Ask HN: what do you use for a home NAS? - niels_olson

I'd write a poll, but I don't know enough of the brands. Joe Armstrong apparently uses a Synology. FreeNAS obviously supports iXsystems. Personally, I use hand-me-down Dell towers with SuSE because the upfront cost is $0 and YaST over SSH is good enough for NFS.<p>I recently got bit by my set-up though when I finally figured out that a disk that chronically drops out had a bad cable, not a bad disk.<p>So, between that and Armstrong's usesthis post, I wanted to ask HNers: what do you use? And why?
======
SEJeff
I've got a NetGear ReadyNas Pro with 6 drive bays each containing a 2Tb
seagate low power drive for 12Tb of usable space. It allows me to rip dvds in
pretty much raw form to the nas and then transcode them (using
<http://handbrake.fr>) to whatever format I want. My wife wants to watch some
RomCom on her phone/android tablet during a long plane ride? No problem! Get
it at RedBox for $1.20, rip it, and transcode it to the proper size and
format. The resulting file is only 300-450Mb, so her phone and tablet can hold
gobs of them. Also, netgear has some pretty decent forums.

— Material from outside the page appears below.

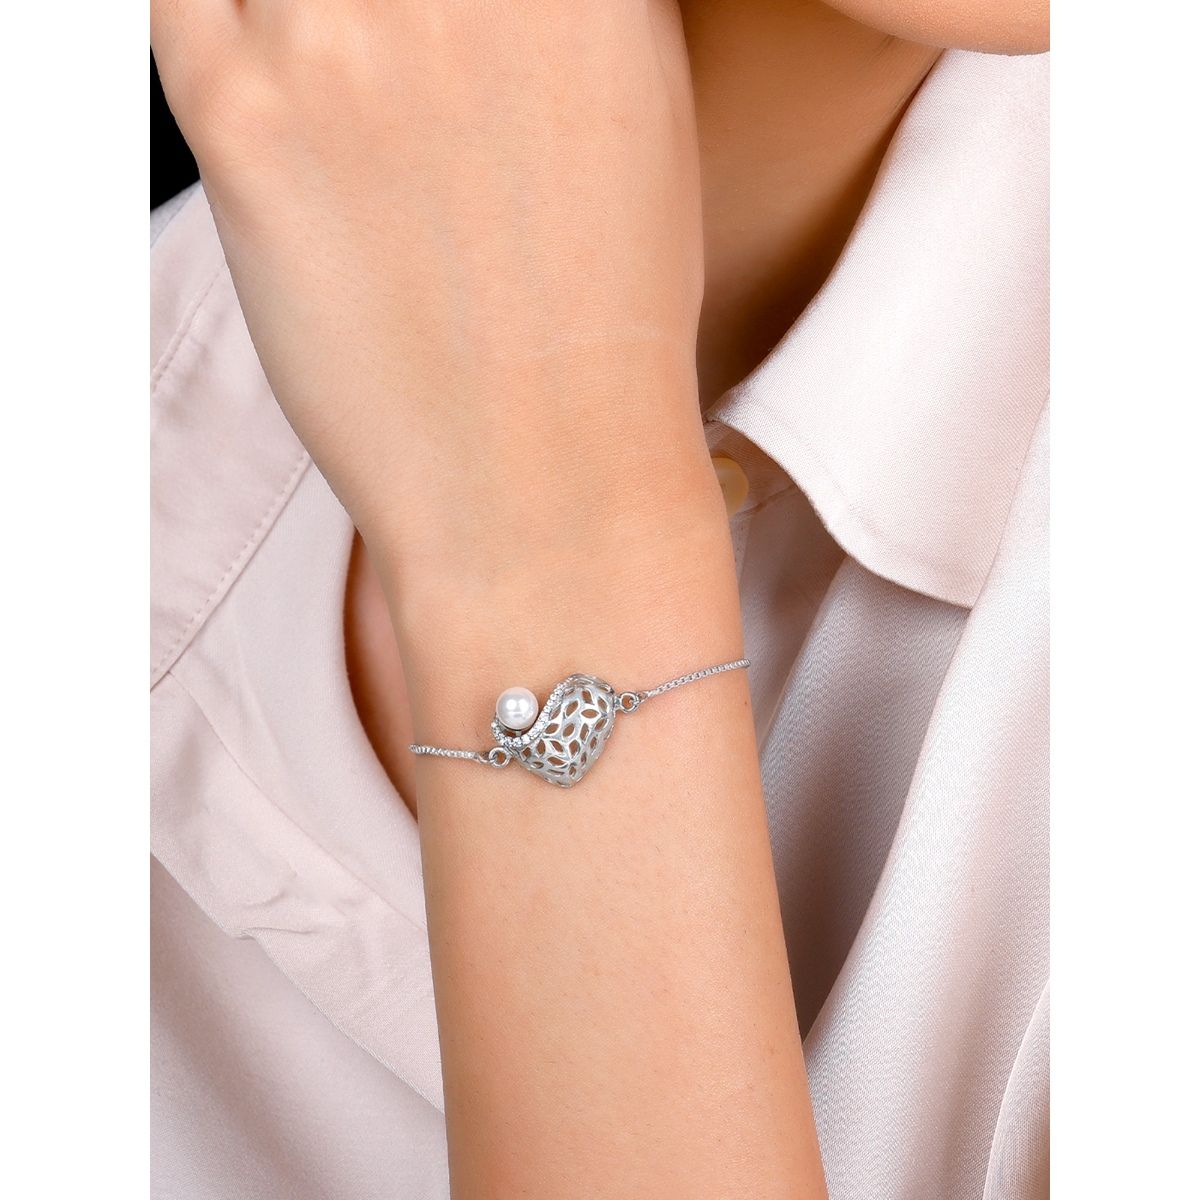 Buy GIVA 925 Sterling Silver Rose Gold Plated Dual Heart Bracelet  Adjustable at Rs4998 online  Jewellery online
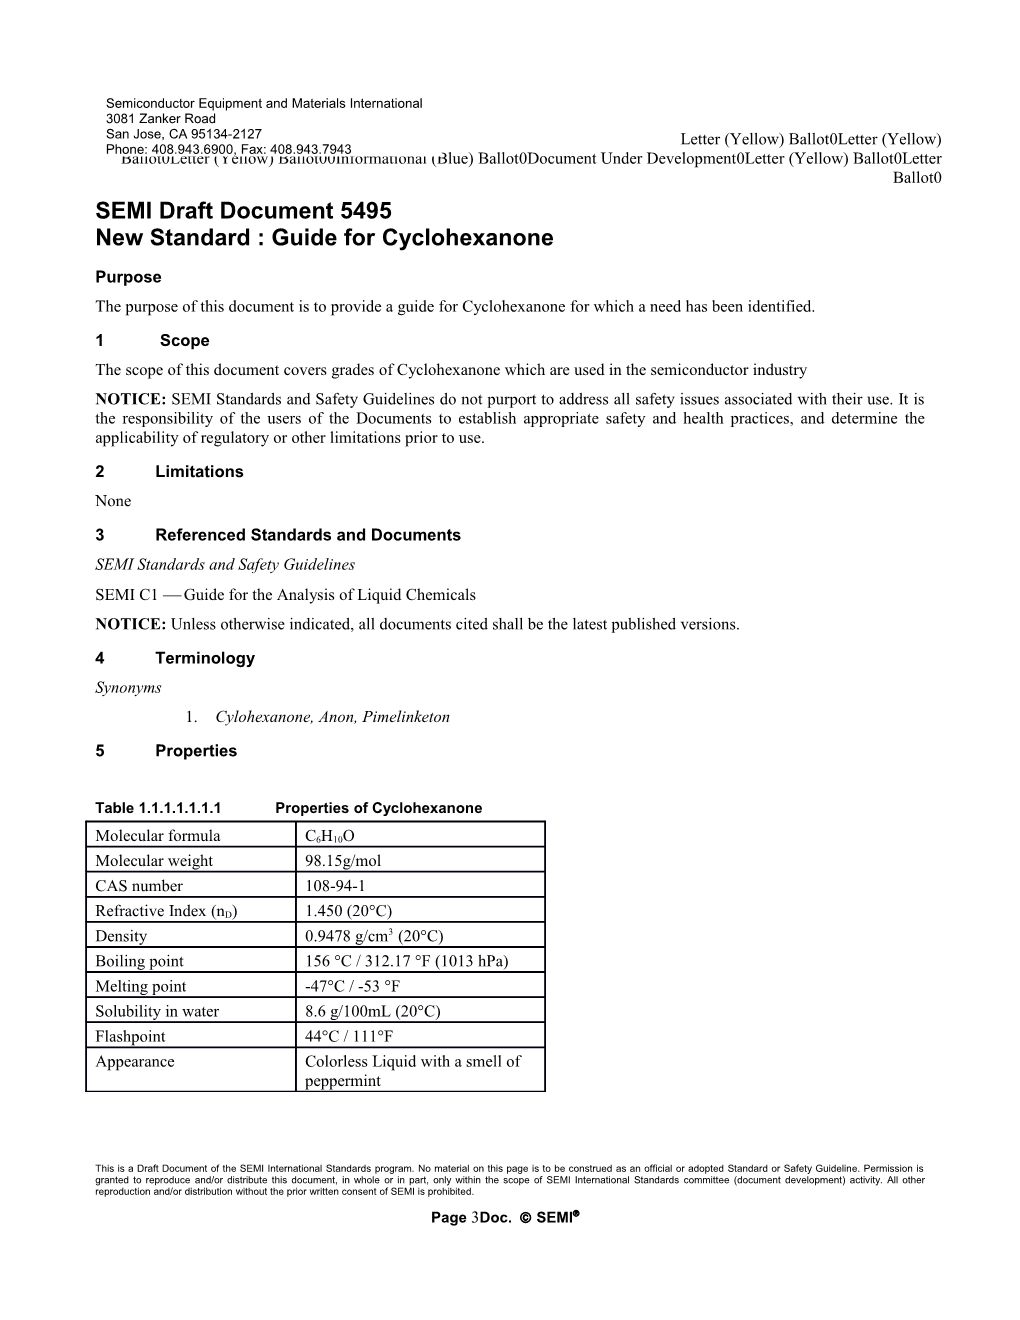 Background Statement for SEMI Draft Document 5495

As a Linux guy, massive bonus points that the ReadyNas boxes are just modified
Debian and they will let you get root on them. <http://www.readynas.com/forum>

I'm a HUGE fan. You can get a diskless 6 drive bay one for:
[http://www.amazon.com/Readynas-Pro-6-Unified-
Nas/dp/B004S9JX...](http://www.amazon.com/Readynas-Pro-6-Unified-
Nas/dp/B004S9JX52)

It is also a great time machine backup for my wife's crackbook pro lappy.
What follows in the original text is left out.